§ **TASK GOAL**
A faithful, picture-free copy of the listing below is required.

§ **RECORDED INFORMATION**
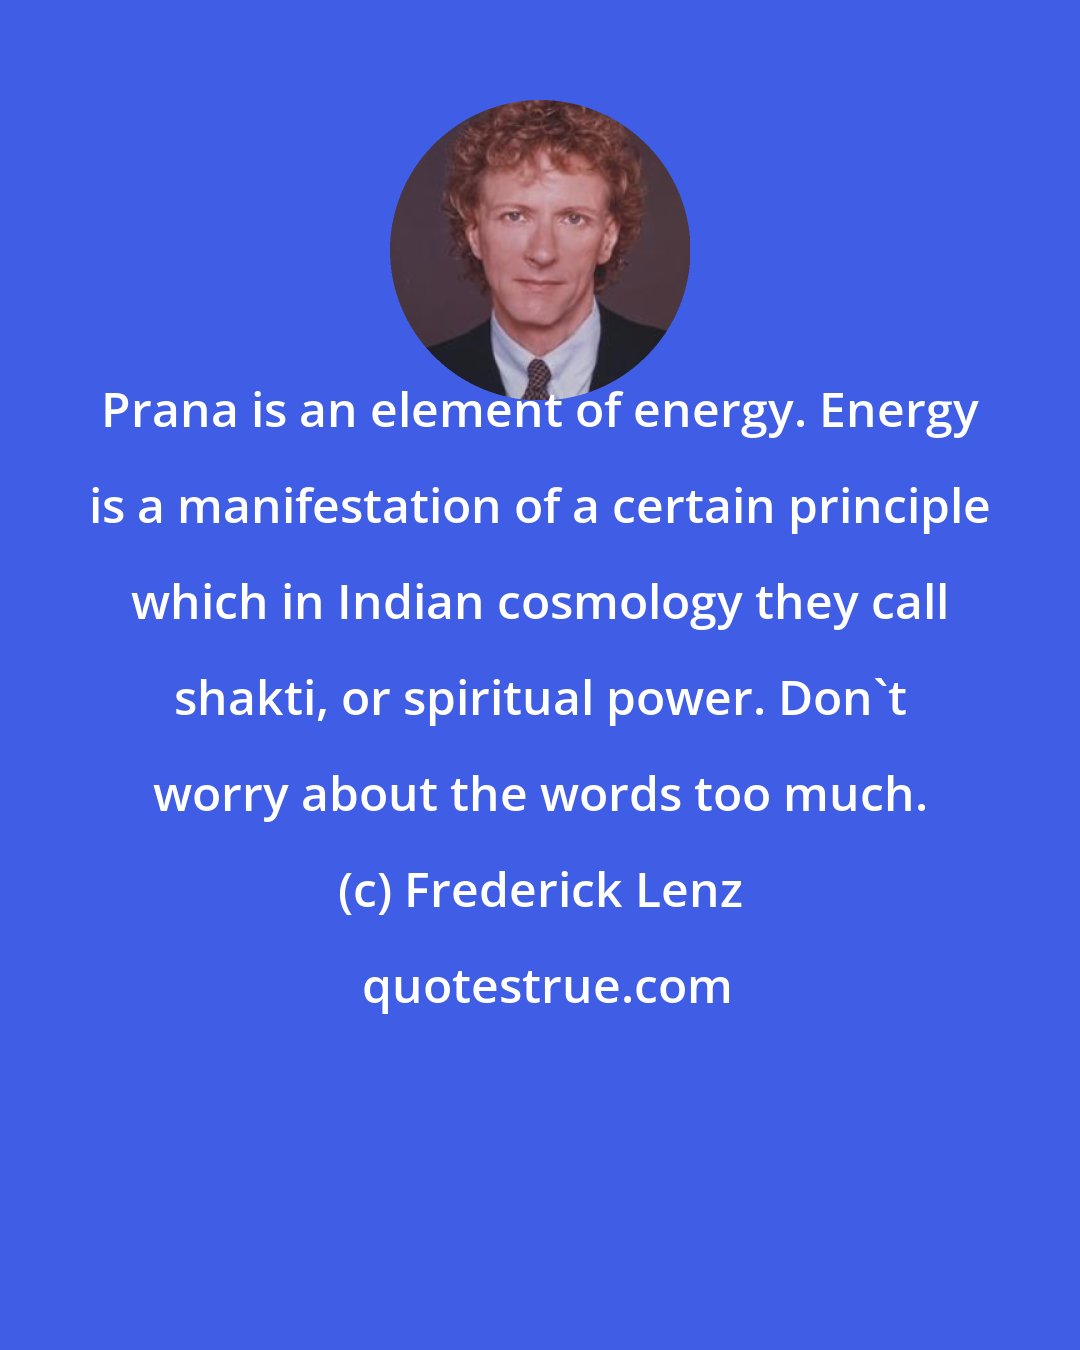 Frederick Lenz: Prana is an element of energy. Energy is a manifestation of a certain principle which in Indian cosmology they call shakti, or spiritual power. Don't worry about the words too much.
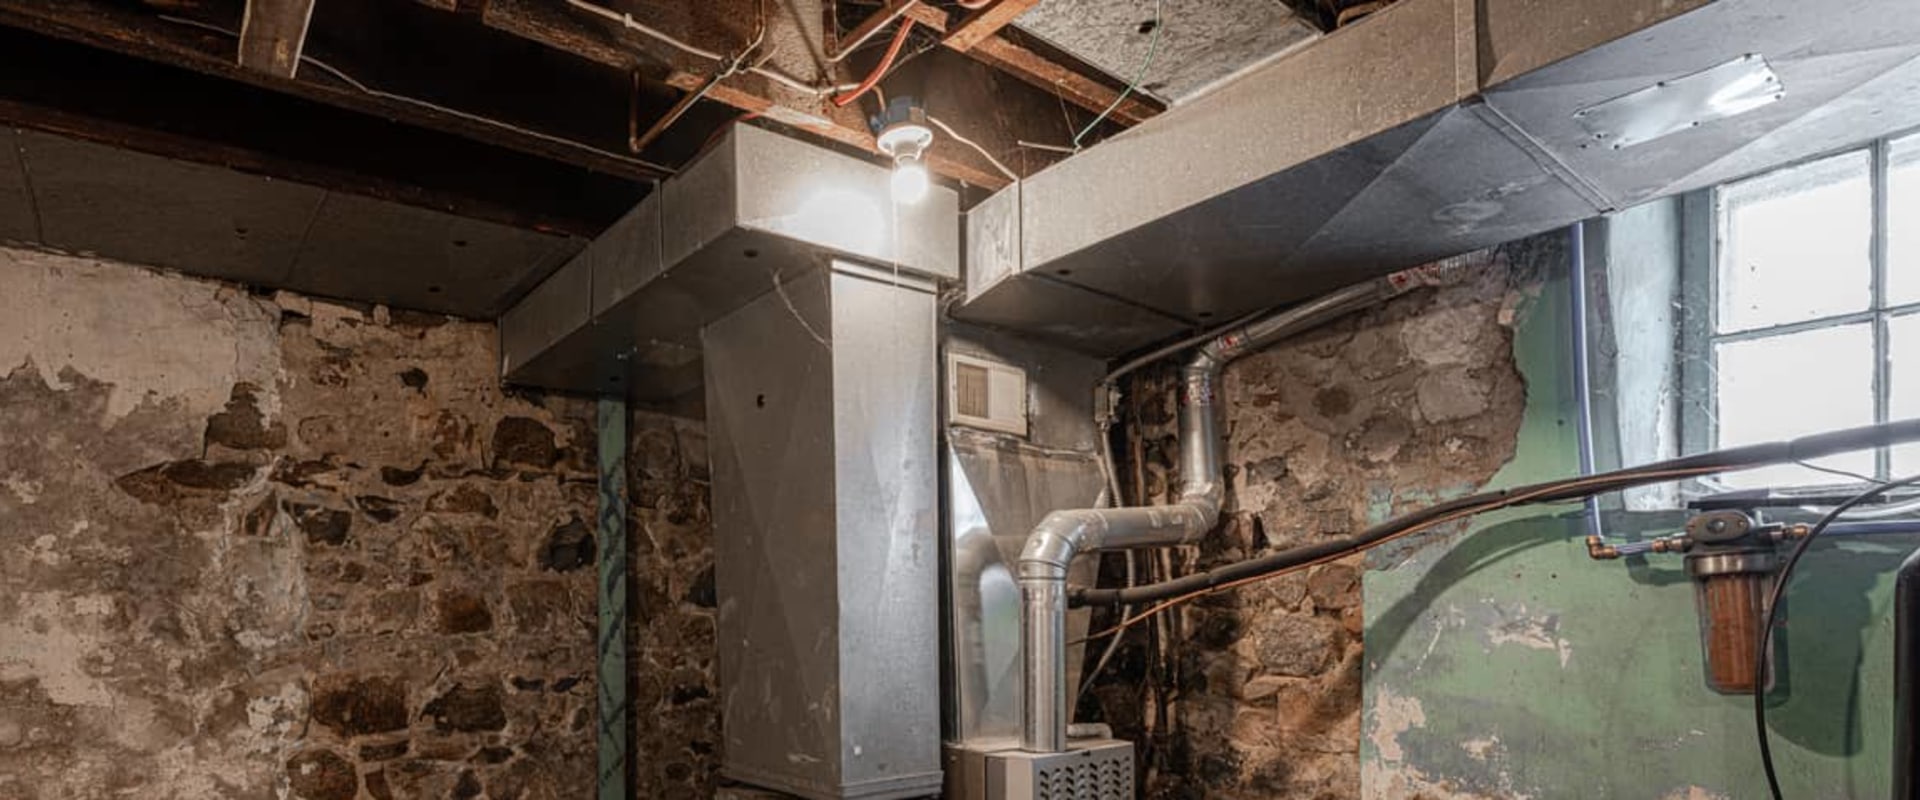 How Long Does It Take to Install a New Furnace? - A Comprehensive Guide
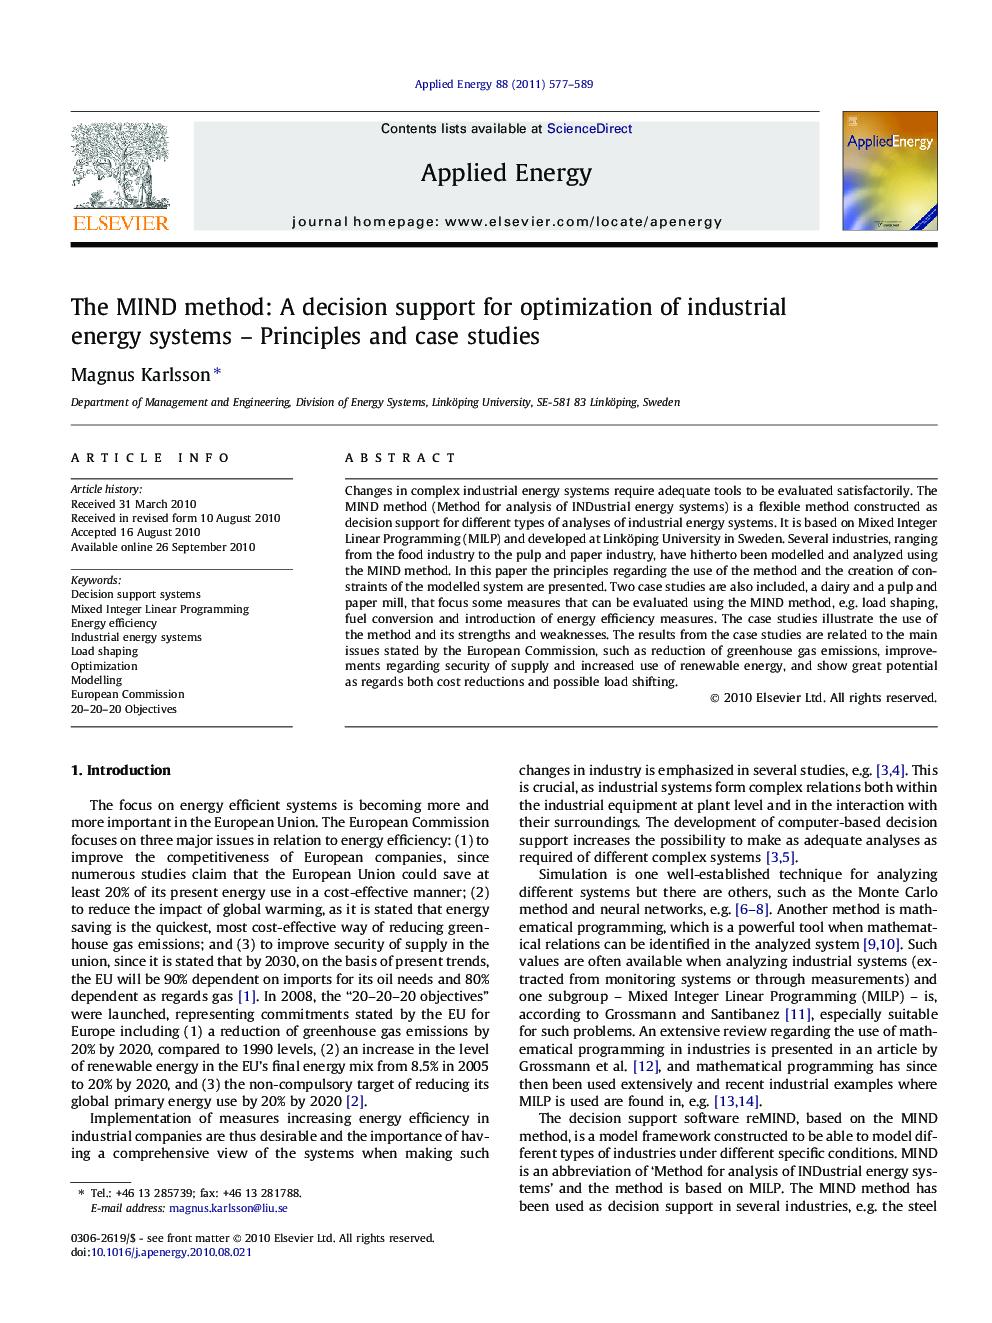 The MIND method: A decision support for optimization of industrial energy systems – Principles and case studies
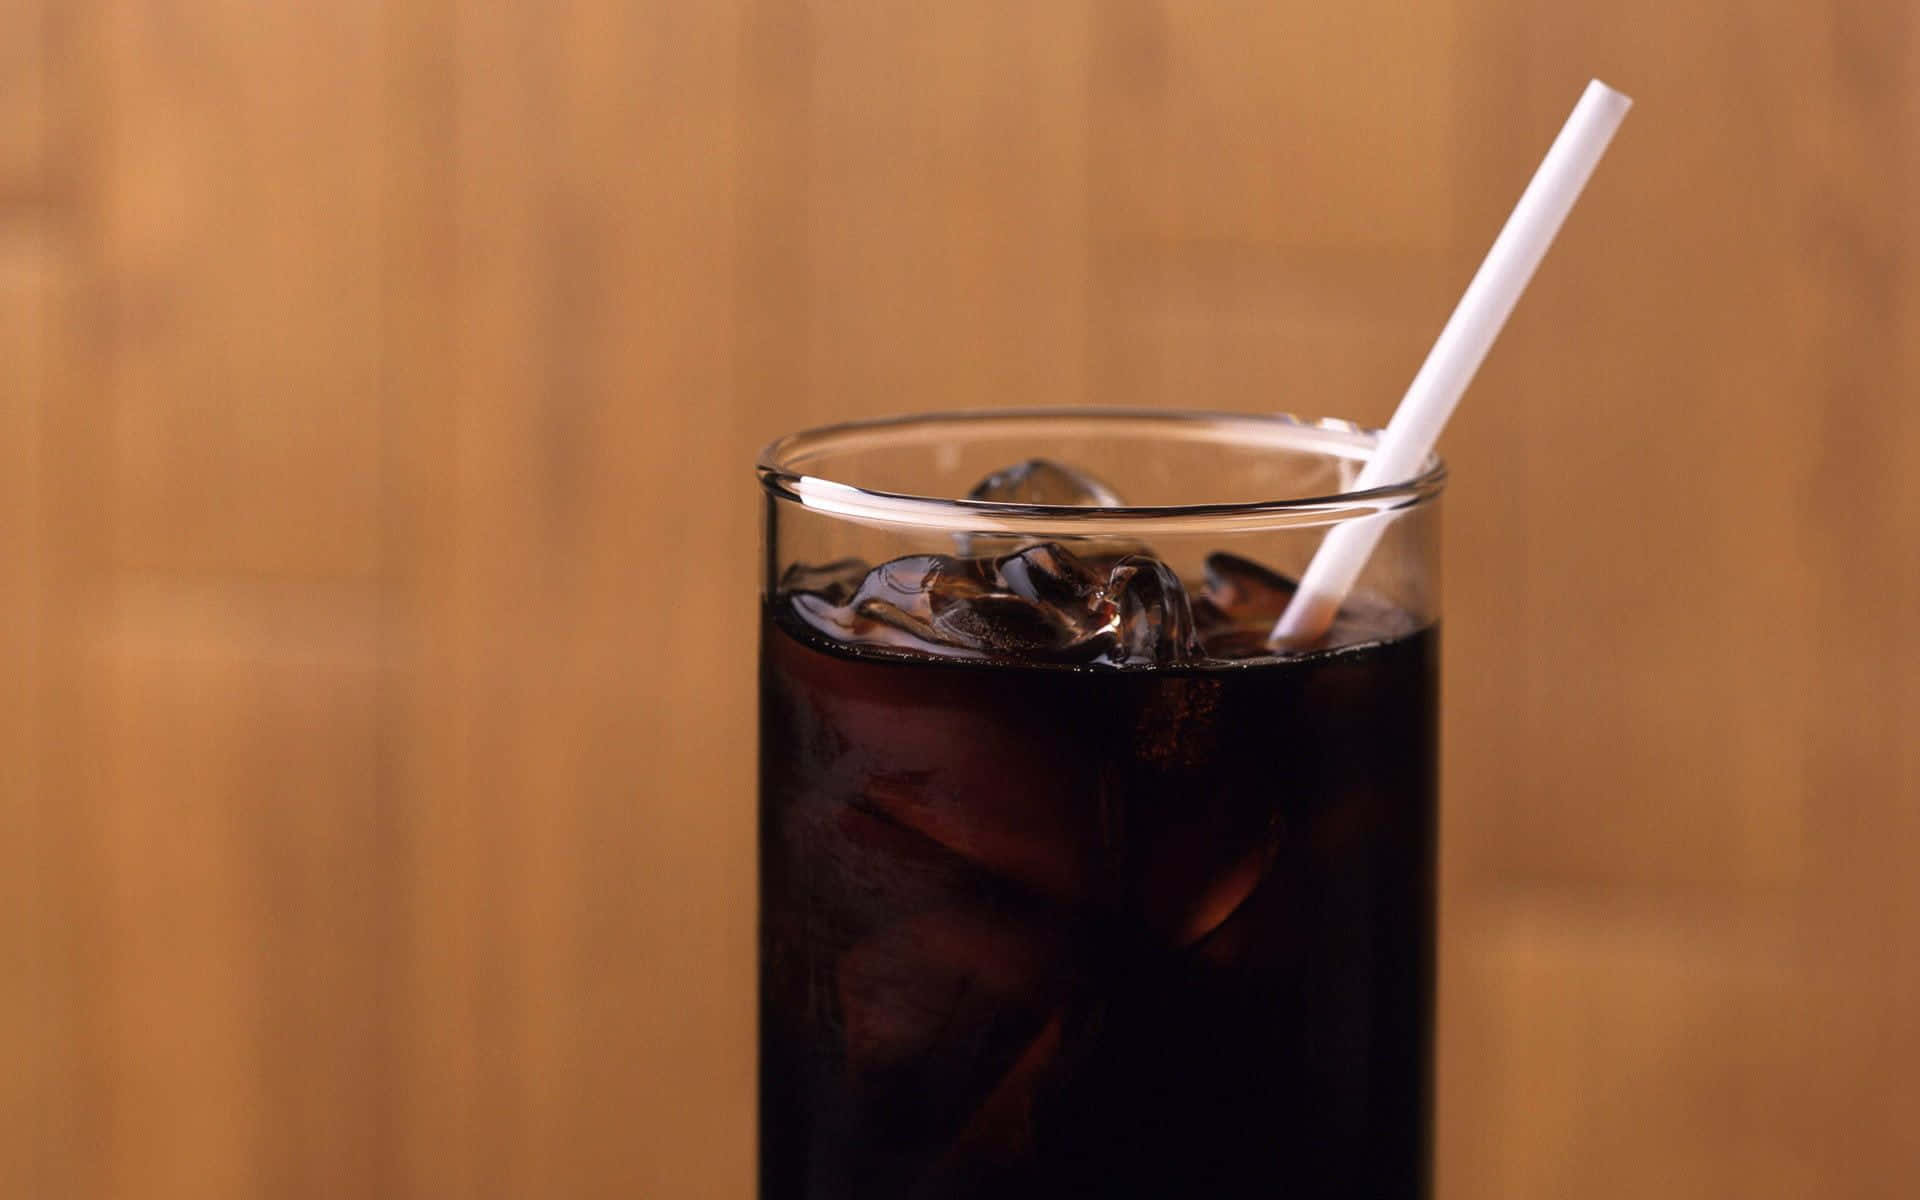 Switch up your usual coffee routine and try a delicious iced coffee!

§ **TASK SOLUTION**
 Frederick Lenz: Prana is an element of energy. Energy is a manifestation of a certain principle which in Indian cosmology they call shakti, or spiritual power. Don't worry about the words too much.
 How Long Does It Take to Install a New Furnace? - A Comprehensive Guide
 The MIND method: A decision support for optimization of industrial energy systems – Principles and case studies
 Switch up your usual coffee routine and try a delicious iced coffee!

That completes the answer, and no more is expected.